Supplied information:
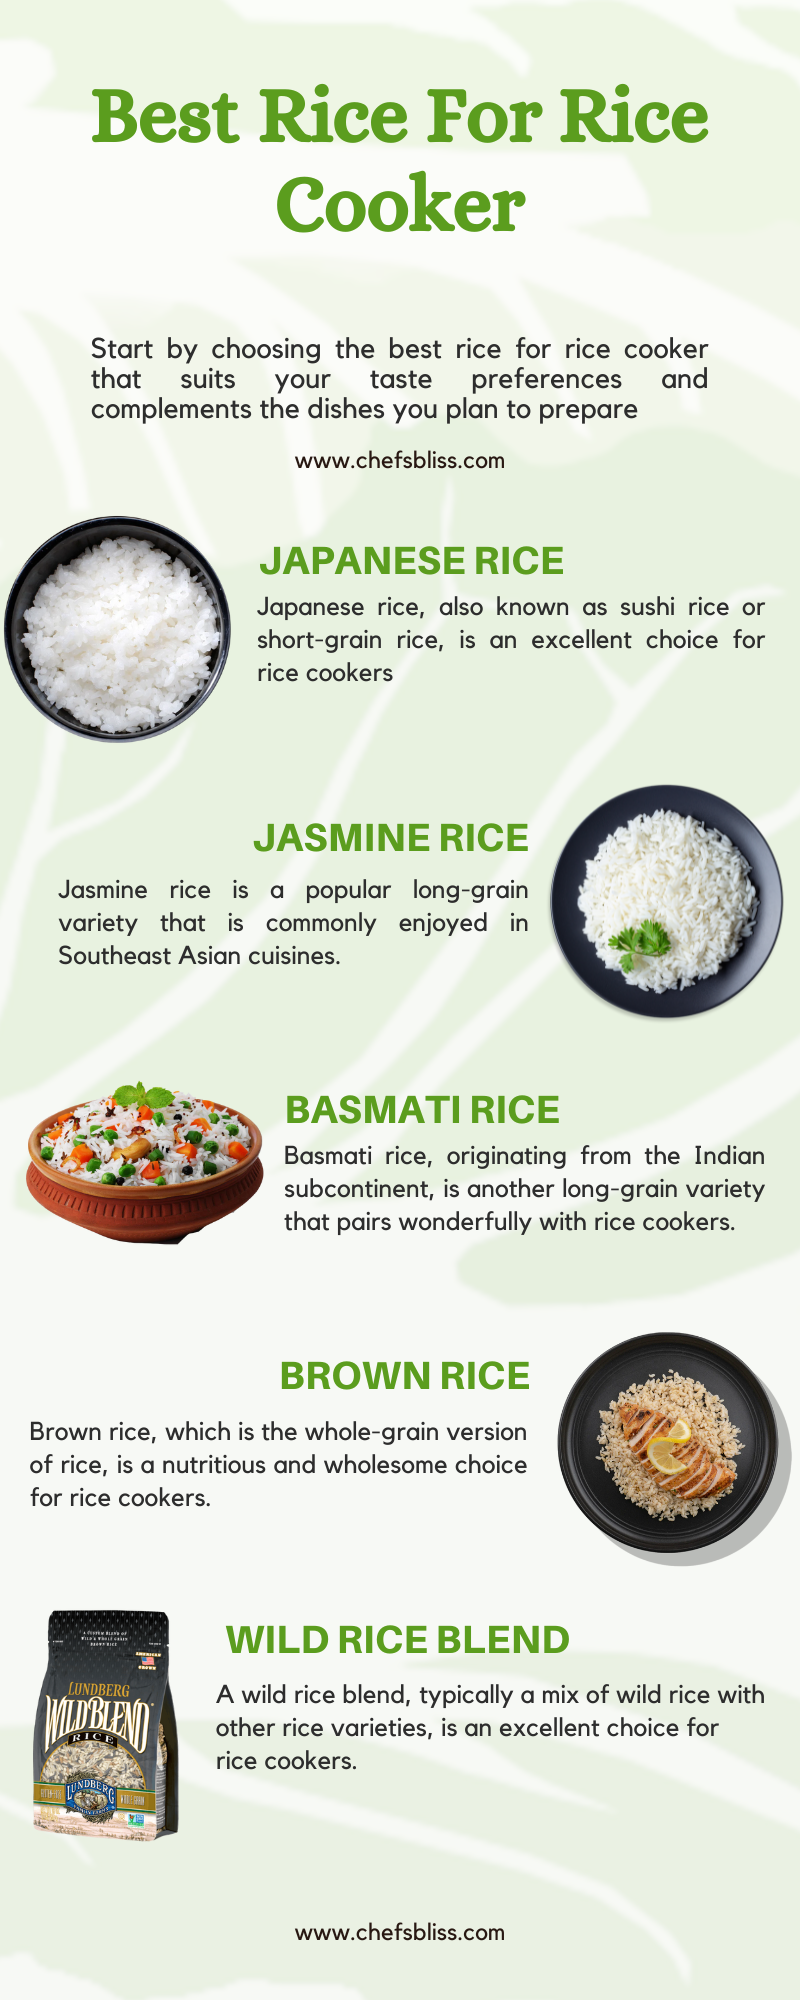 Best Rice For Rice Cooker
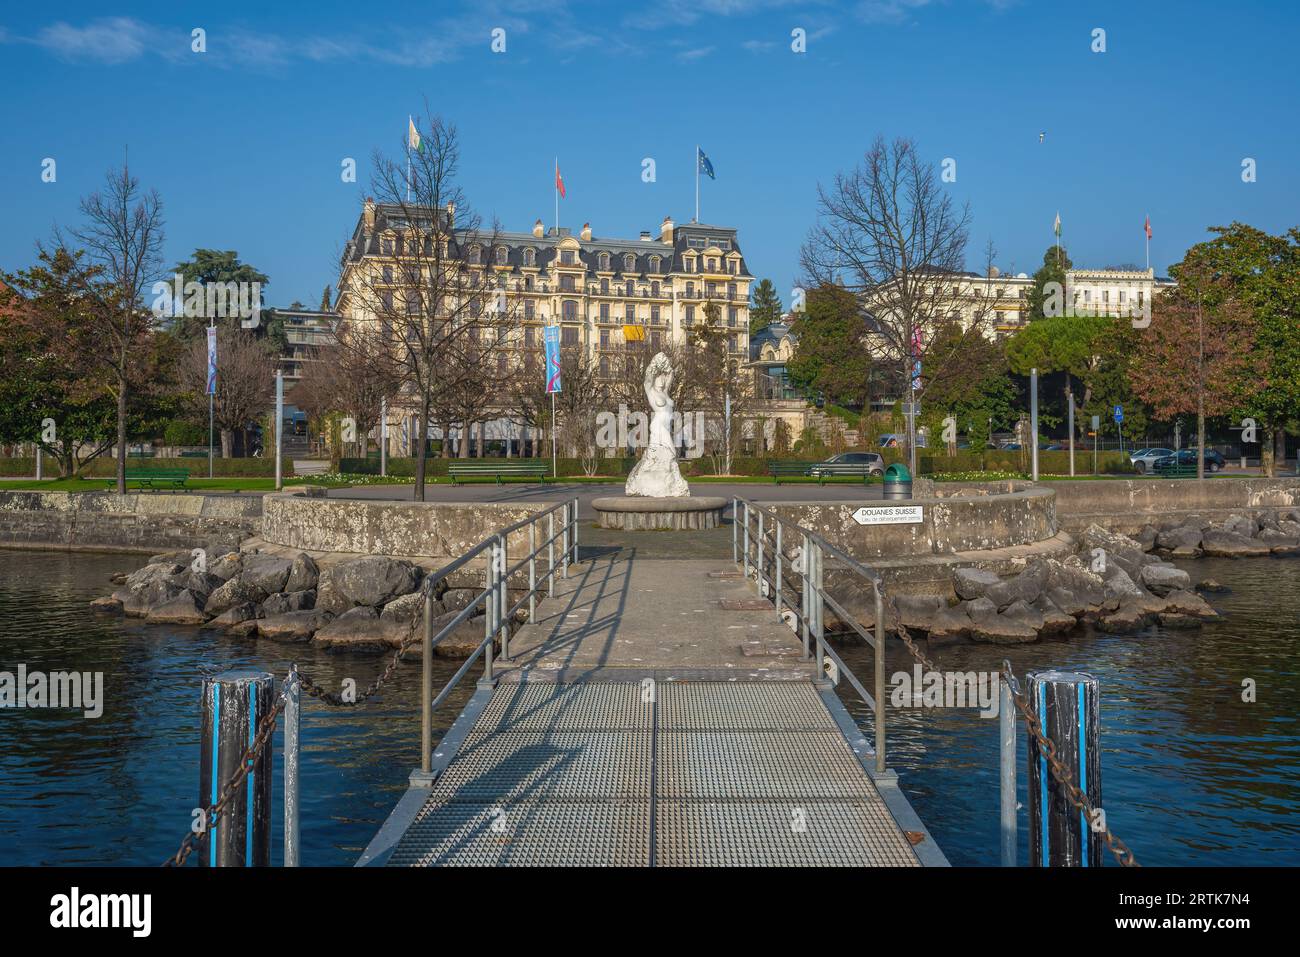 Place du Vieux-Port Fountain und Beau-Rivage Palace Hotel in Ouchy Promenade - Lausanne, Schweiz Stockfoto
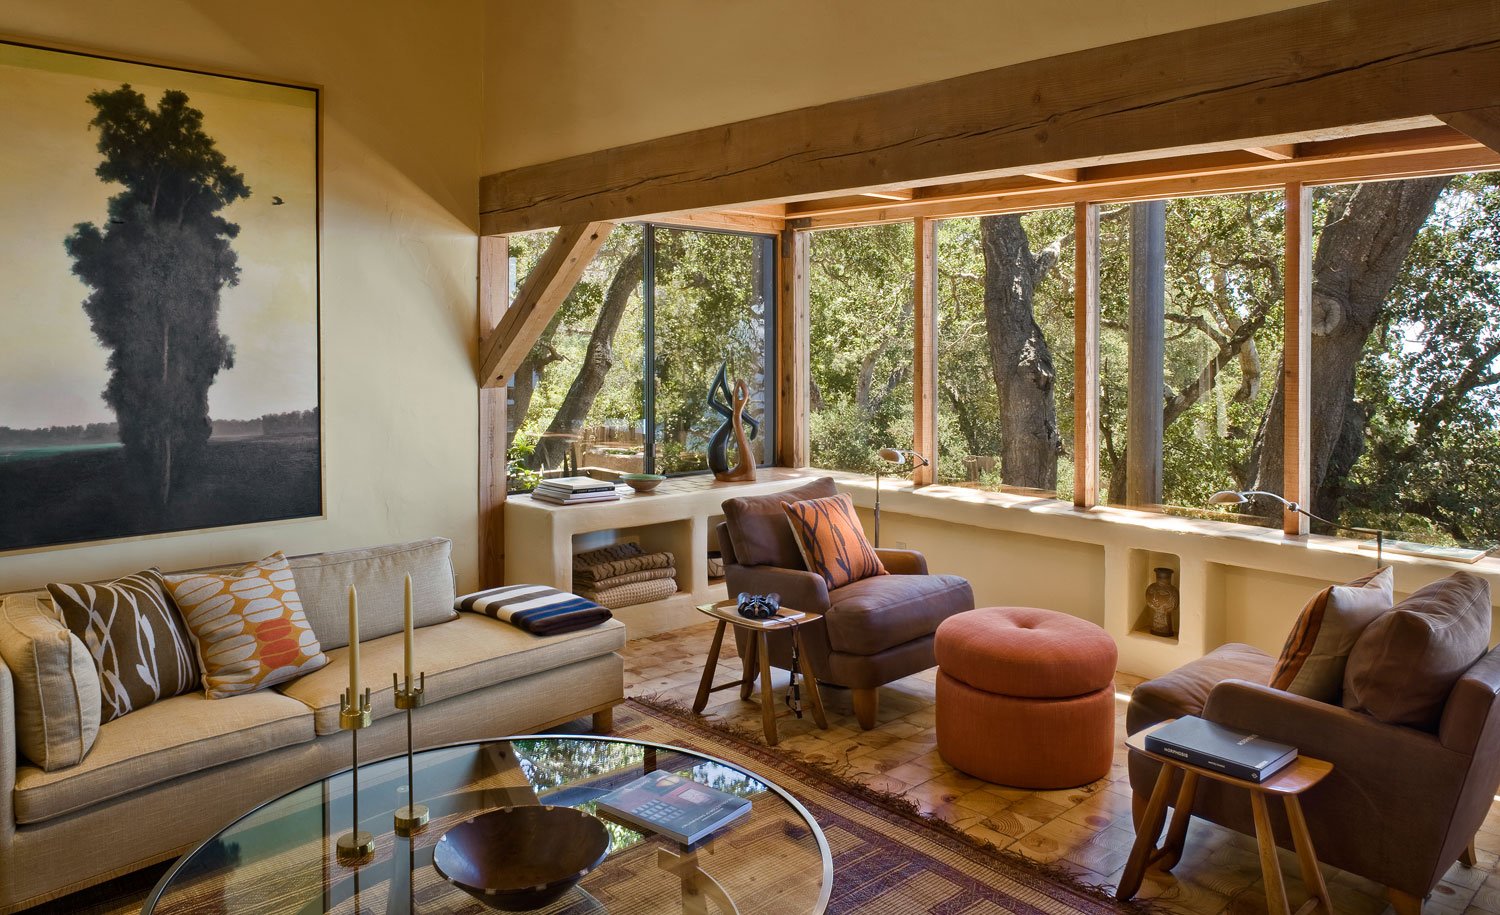 Big Sur Cabin with Mid-Century Accent Pieces and Earth Tone Palette by Studio Schicketanz-07

How to complete this task:
Write out the listing above exactly as it stands, pictures excluded.

Answer section:
 Best Rice For Rice Cooker
 Place du Vieux-Port Fountain und Beau-Rivage Palace Hotel in Ouchy Promenade - Lausanne, Schweiz Stockfoto
 Big Sur Cabin with Mid-Century Accent Pieces and Earth Tone Palette by Studio Schicketanz-07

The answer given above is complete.